- TASK TO CARRY OUT: Here the job is to transcribe the data exactly while omitting the images.

- INFORMATION PROVIDED:
|---|
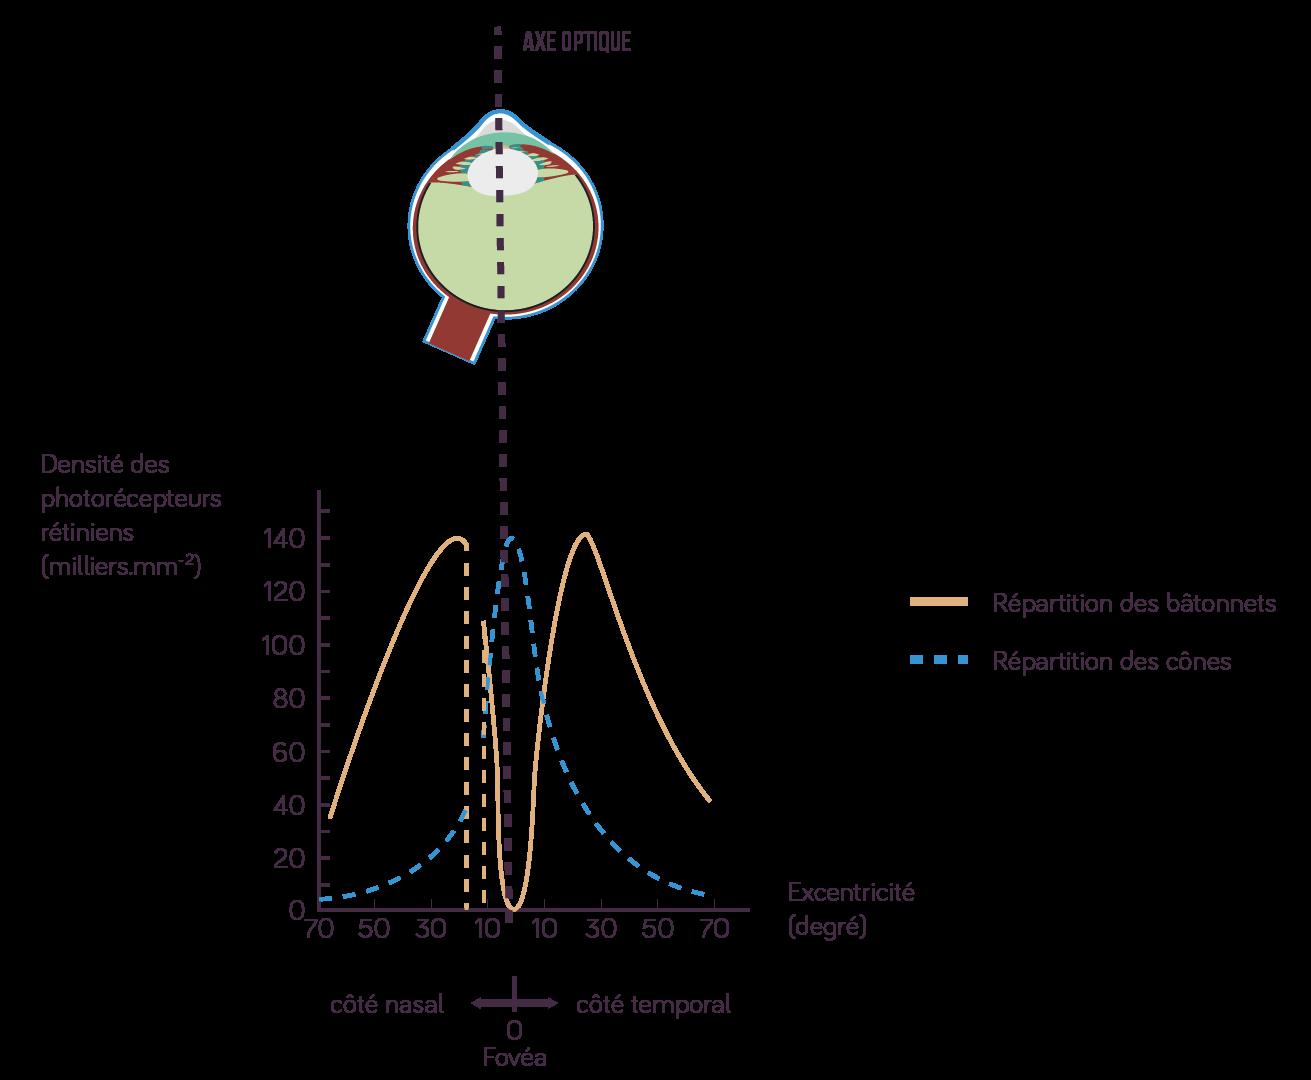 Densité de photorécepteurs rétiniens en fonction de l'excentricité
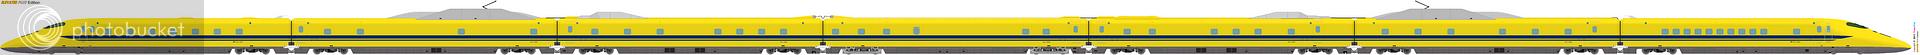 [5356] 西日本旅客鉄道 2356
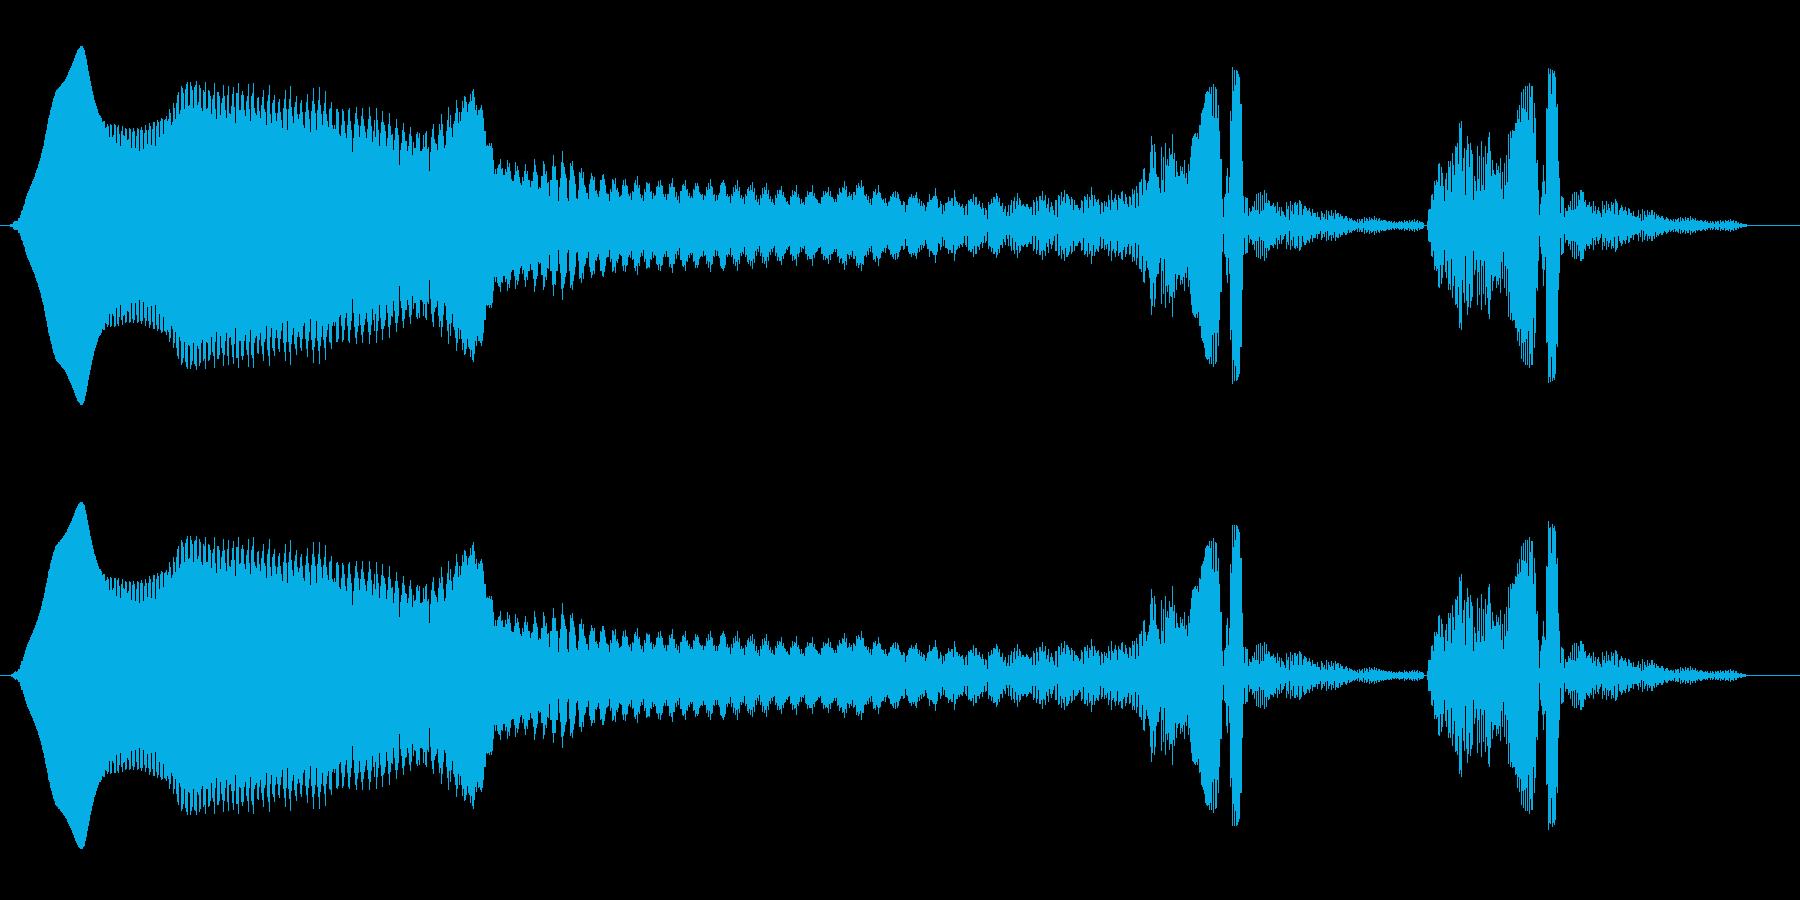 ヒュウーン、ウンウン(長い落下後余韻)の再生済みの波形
|---|
- RESPONSE AREA:
 Densité de photorécepteurs rétiniens en fonction de l'excentricité
 [5356] 西日本旅客鉄道 2356
 ヒュウーン、ウンウン(長い落下後余韻)の再生済みの波形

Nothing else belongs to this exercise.